The Trash Trade: Selling Garbage to China 200?

Recommended

Distributed by Filmakers Library, 124 East 40th Street, New York, NY 10016; 202-808-4980
Produced by NHK
Directed by Takehiro Asai
VHS, color, 49 min.



Jr. High - Adult
Environmental Studies, Asian Studies, Business, Globalization

Date Entered: 01/15/2007

Reviewed by Maureen Donovan, The Ohio State University

The Trash Trade is a thought provoking documentary illustrating everyday realities of globalization. The film focuses on the impact that transnational trade in garbage and industrial waste has on local governments, businesses, laborers, and citizens in China and Japan. Moving at a meandering pace through a series of scenarios loosely connected on the theme of the recycling trade between these countries, the film gradually reveals complexities inherent in waste management in today's world. Along the way a narrator introduces the stories of several Chinese and Japanese individuals working in this garbage trade. Speaking in English (translated from Japanese) the narrator outlines their situations in a "voice-over," while the people themselves speak in their native Chinese or Japanese, as the case may be, with English subtitles. Skillful construction of story lines allows understanding to develop without too much intervention on the part of the narrator, although sometimes visuals are used to show basic concepts, such as how processing scrap metal helps China make up for a lack of natural resources.
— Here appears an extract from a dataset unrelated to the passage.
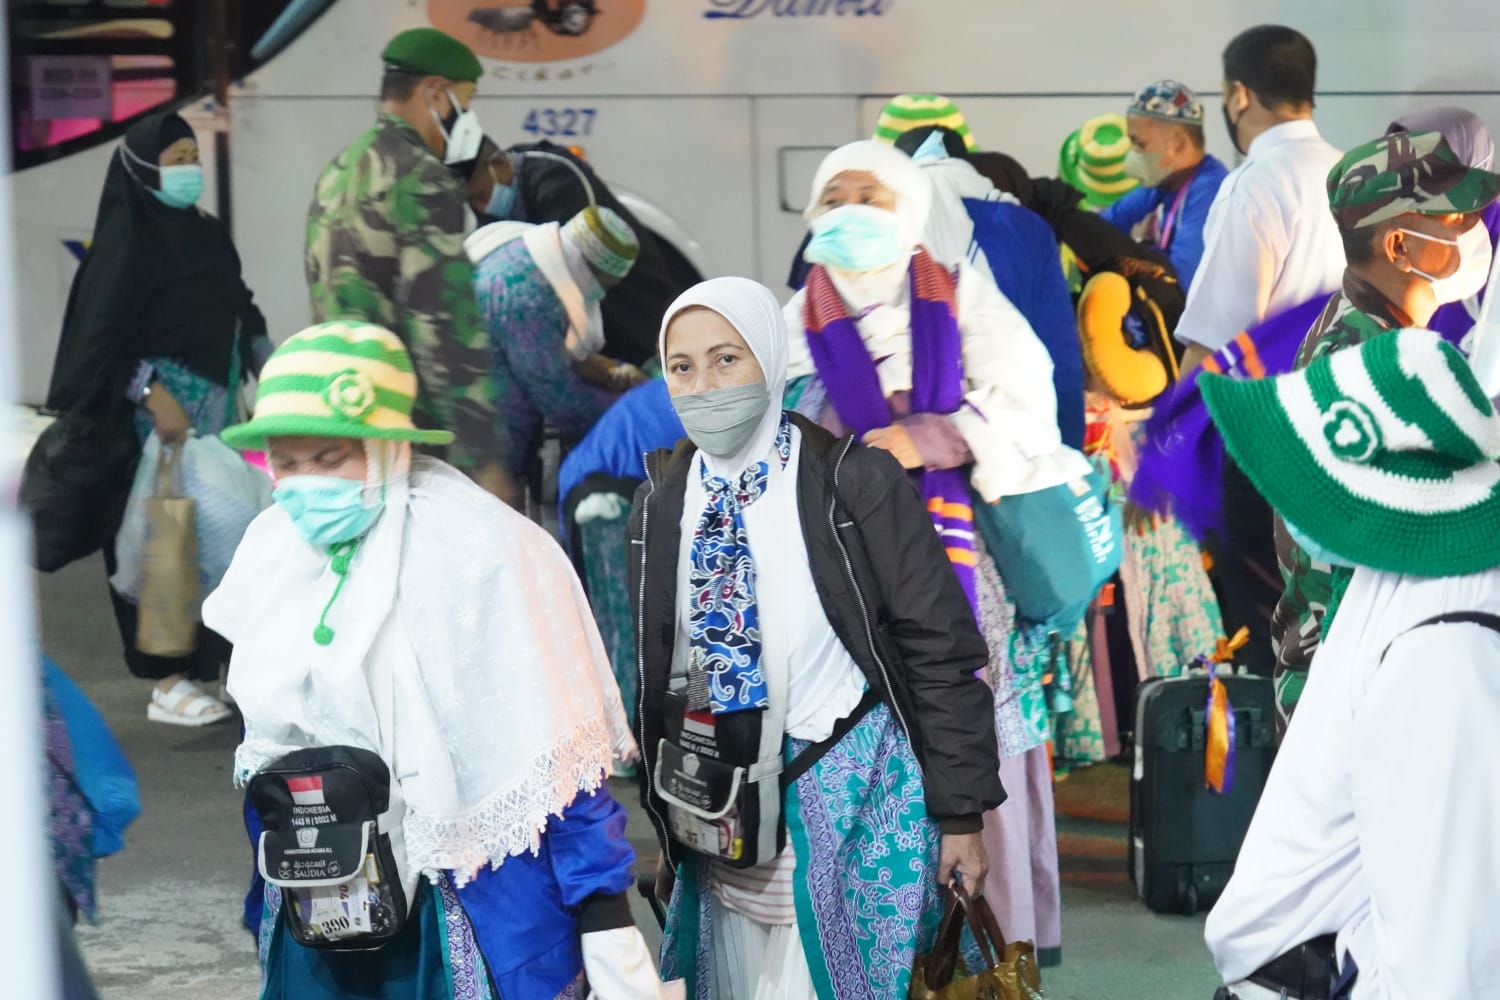 Kemenag Rilis Nama Jemaah Berhak Lunasi Biaya Haji 2023, Ini Daftarnya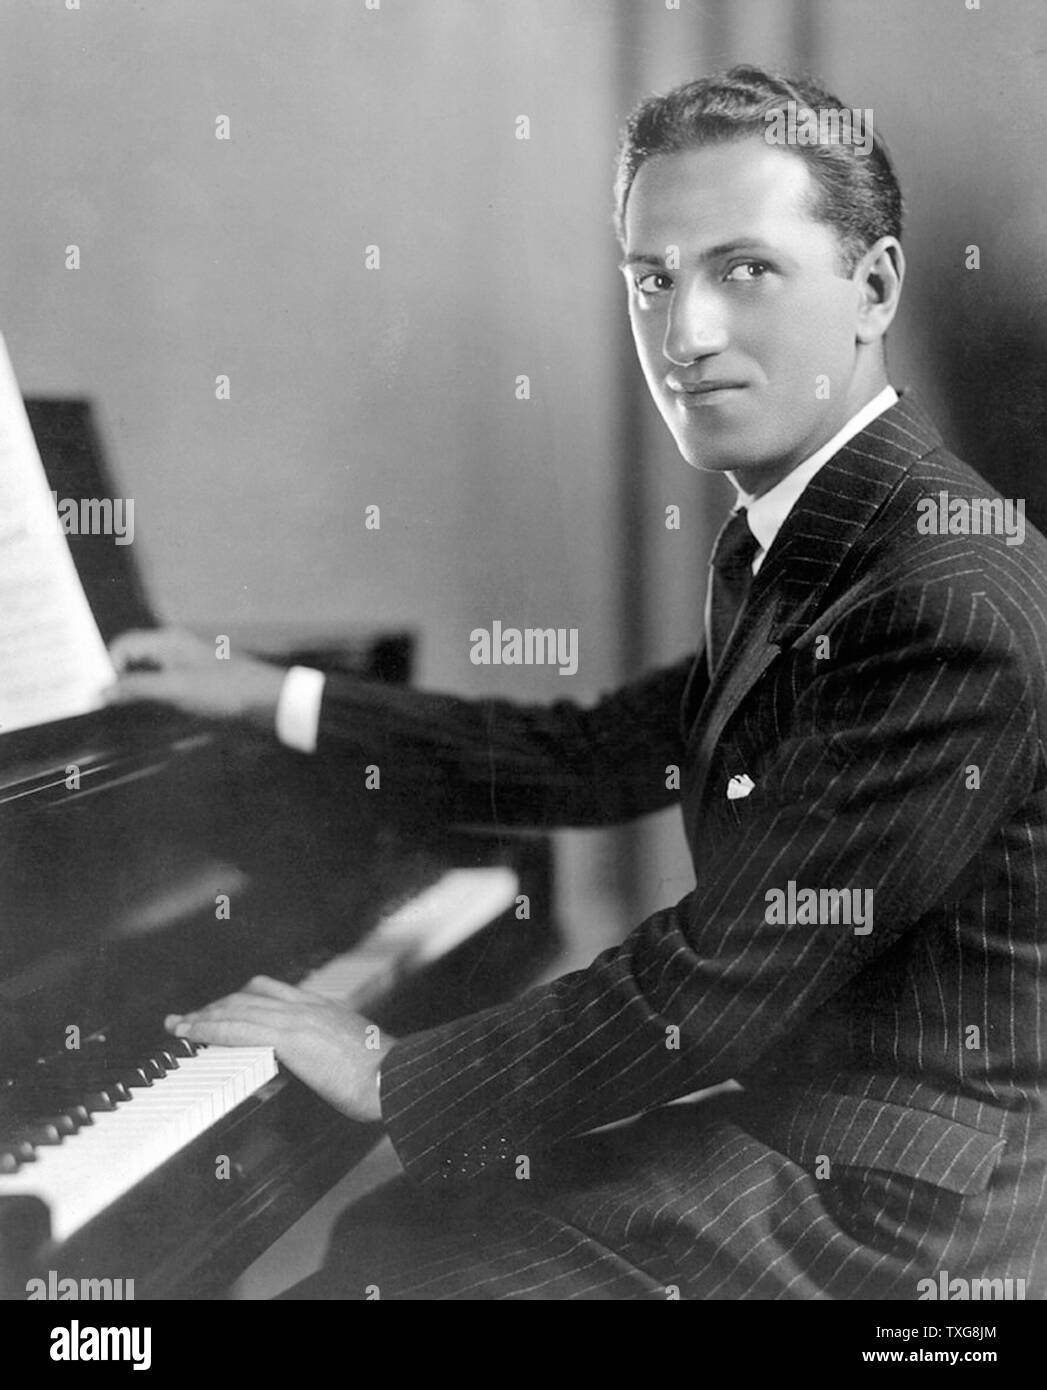 George Gershwin, American compositore e pianista. Gershwin le composizioni si estendesse sia classica e popolare di generi. Egli scrisse la maggior parte della sua voce e opere teatrali, compresi più di una dozzina di spettacoli di Broadway Foto Stock

Recycling -- once a do-gooder's hobby -- has evolved to become a key component in economic growth, especially in developing nations. Although transnational recycling is regulated by the Basel Convention, protecting developing nations from becoming garbage dumps for hazardous materials, a black market of garbage peddling still thrives. This is illustrated in a segment showing the smuggling of discarded Japanese personal computers into Hong Kong with a final intended destination elsewhere in China. With a combination of treasure (gold, silver, copper) and poison (lead, other hazardous materials), discarded PCs may be attractive to smugglers, but their processing leads to serious ground water and soil pollution in China.

Although complex, the picture of globalization presented in "The Trash Trade" is not sinister. The film shows ordinary Chinese and Japanese laborers, businessmen, and government officials working together, negotiating, making difficult strategic decisions. The reality presented in this film is one of equals working across economic imbalances, rather than a dark tale of exploitation and depredation (such as is depicted in Darwin's Nightmare, 2006, directed by Hubert Sauper, another film about everyday realities of Globalization).

At the beginning of The Trash Trade it is surprising to learn that a municipal government in Japan is concerned that "garbage grabbers" are stealing piles of newspapers and magazines that local residents have placed out to be picked up for recycling. By the end, though, we know enough to understand why some Japanese communities are thinking about digging up old landfills to exploit "hidden treasures" buried there.

The Trash Trade is recommended for jr. high to adult audiences. It is especially recommended for use in stimulating discussion in such areas as globalization, economic imbalances among nations, recycling, business strategies, Sino-Japanese relations, Asian studies. Further, the film can serve as a primary source for research projects in those and related fields.